黑白二气交错。
林玄尘心中那股怒意,没有爆开,反而被一点点压入更深处。
怒,不是为了乱拳打人。
怒,是为了记清楚每一笔账。
他抬头,看向沈清霜。
“这封文书,也是你的意思?”
沈清霜眸光微动。
昨日在测灵台上,林玄尘也问过类似的话。
那时她答了一个“是”。
今日,她本该一样回答。
可不知为何,看着林玄尘额角未干的血痕,看着他那双平静得没有半点哀求的眼睛,她心中竟有一瞬迟疑。

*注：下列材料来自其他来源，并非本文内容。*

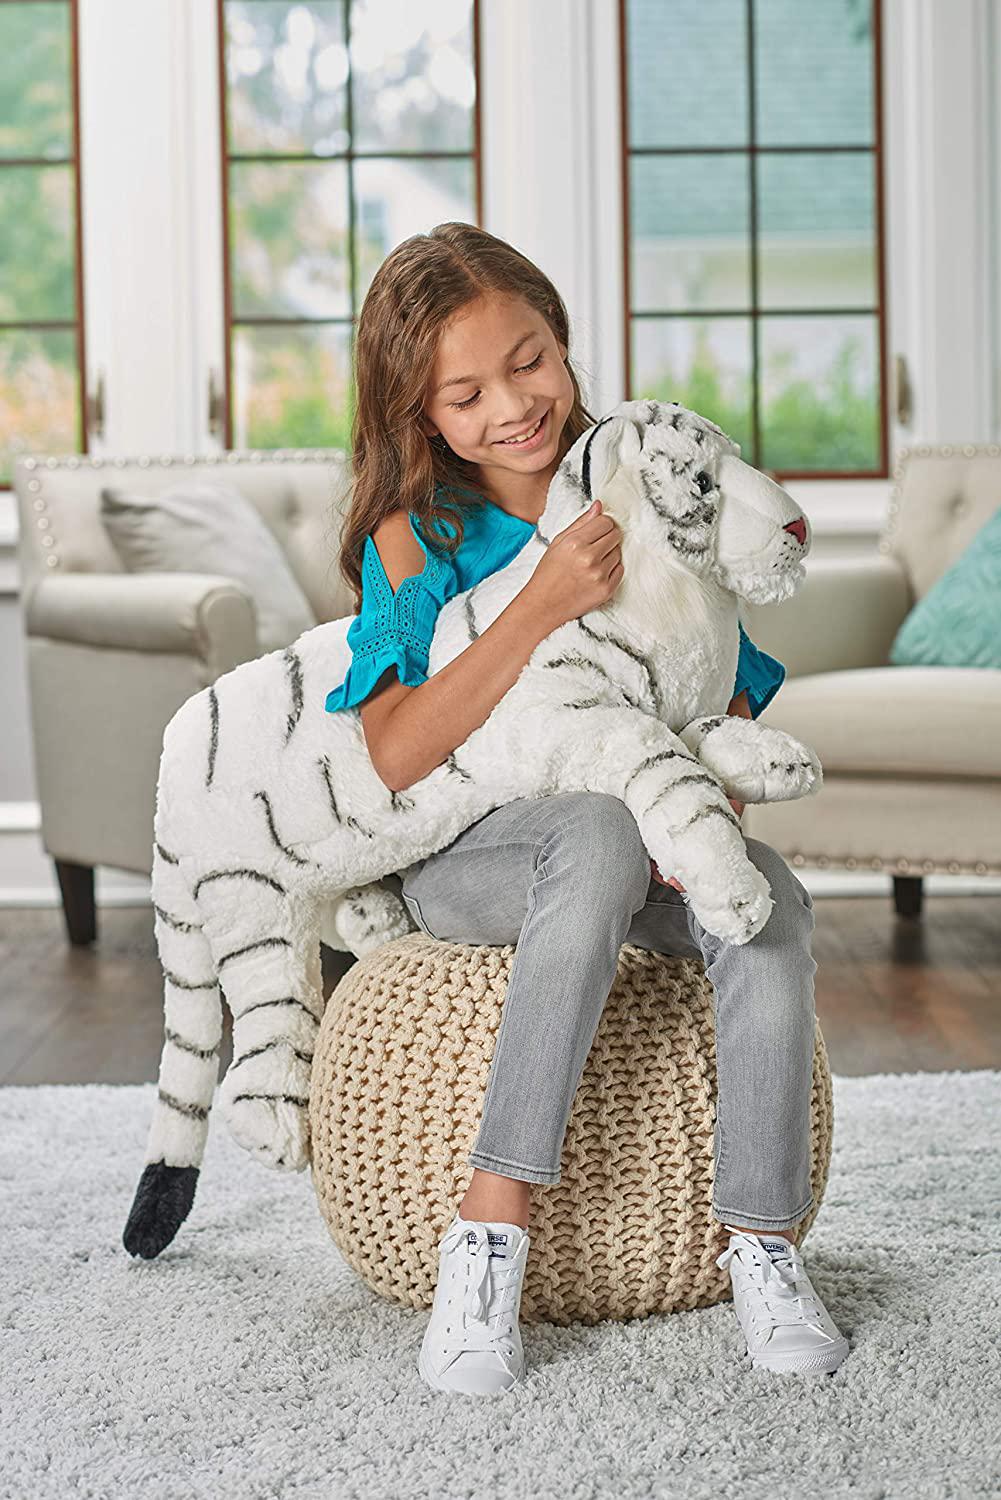 Wild Republic Jumbo White Tiger Plush, Giant Stuffed Animal, Plush Toy, Gifts for Kids, 30"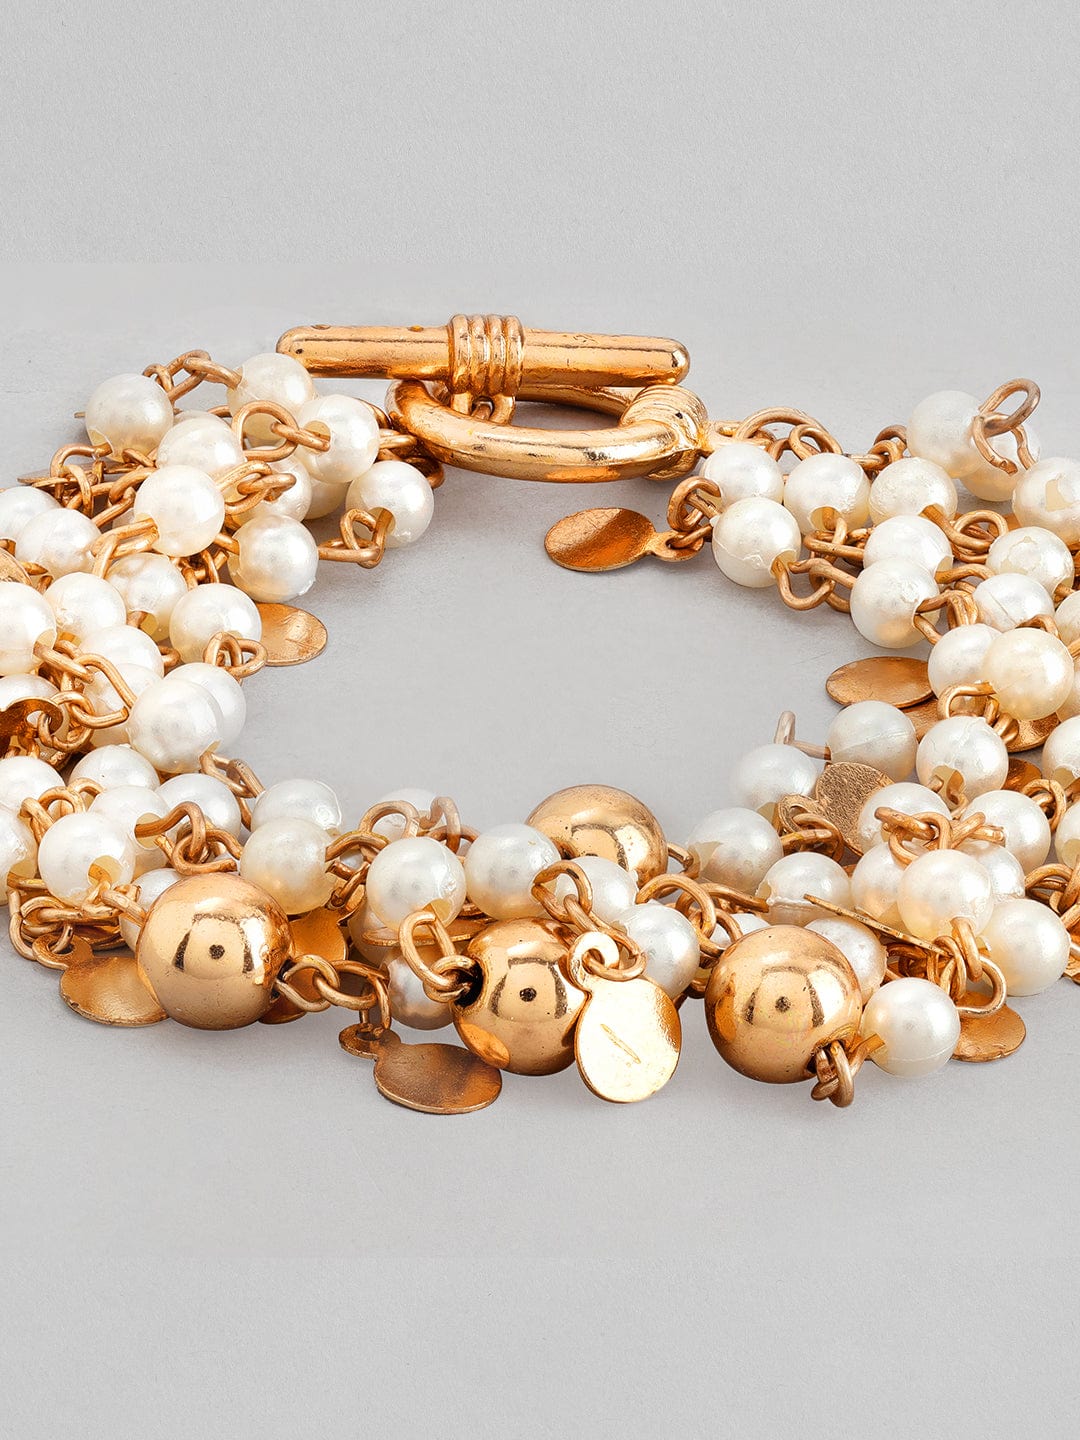 Rubans Voguish Women Gold-Toned  White Tasselled Gold-Plated Multistrand Bracelet Bracelets

沈元山却已经笑道:“清霜乃沈家嫡女,此事自然是沈家的意思,也是她的意思。”
林玄尘没有看沈元山。
他的目光仍落在沈清霜身上。
“我要听她自己说。”
杂役院内,再次安静下来。
许多人看向沈清霜。
沈清霜眉心微蹙。
这种被一个杂役弟子当众逼问的感觉,让她很不舒服。
她是上品冰灵根。
是外门天才。
是沈家嫡女。
而林玄尘,只是一个被测出碎裂废灵根的杂役。
他凭什么用这种眼神看她?
沈清霜声音微冷:“是。”
一个字落下。
林玄尘点了点头。
“好。”
他终于伸手,接过那封退婚文书。
沈元山脸上笑容更盛。
赵虎嗤笑一声。
众人也以为林玄尘终于还是要签。
骨气?
在沈家面前,又能撑多久?
然而下一瞬。
林玄尘没有按印。
他抬手,将那封退婚文书从中间撕开。
嗤啦!
青纹纸裂成两半。
清脆的撕裂声,在杂役院中格外刺耳。
所有人脸上的笑容都僵住了。
沈元山眼神一沉。
“林玄尘,你做什么?”
林玄尘将撕碎的文书扔在地上。
纸页落地,被晨风吹得翻卷。
“这封,我不签。”
沈元山脸色彻底冷下来。
“你昨日说要写清楚,今日沈家已经写清楚了。怎么,难道你还想反悔?”
“我不反悔。”
林玄尘声音平静。
“婚约,解除。”
沈元山皱眉:“那你是什么意思?”
林玄尘转身,看向周执事。
“执事堂可有空白文书?”
周执事一怔。
“你要文书做什么?”
“写清楚。”
林玄尘淡淡道:“按沈管事所言,当众说清,免得日后有人攀扯。”
这句话一出,人群神色变得古怪。
沈元山脸颊微不可察地抽了一下。
周执事本不想理会。
可沈家退婚这事闹到杂役院,他也不好直接偏得太难看。
更何况,林玄尘要写什么,难道还能翻天?
周执事挥了挥手。
“给他。”
一名杂役弟子连忙取来空白文书和笔墨。
林玄尘走到执事堂前的木案旁。
他没有坐。
只是站着。
掌心伤口尚未愈合,握笔时,粗布下隐隐渗出血色。
沈清霜看见了。
她眼神微微一动。
可林玄尘已经落笔。
笔锋很稳。
第一行字写下时,周围有人忍不住伸长脖子去看。
很快,那人的脸色变了。
“休……休书?”
声音不大。
却像一块石头砸进水里。
四周瞬间炸开。
“什么?”
“他写的是休书?”
“林玄尘疯了吧?沈家退他,他竟然敢写休书?”
赵虎脸上的笑容僵住。
沈元山眼神骤冷。
沈清霜的脸色也终于变了。
休书。
这两个字,对她而言,比退婚刺耳十倍。
退婚,是沈家不要林玄尘。
休书,却是林玄尘不要她。
林玄尘没有理会四周声音。
他一笔一画,继续写下去。
“林氏玄尘,今日休沈氏清霜。”
短短一句。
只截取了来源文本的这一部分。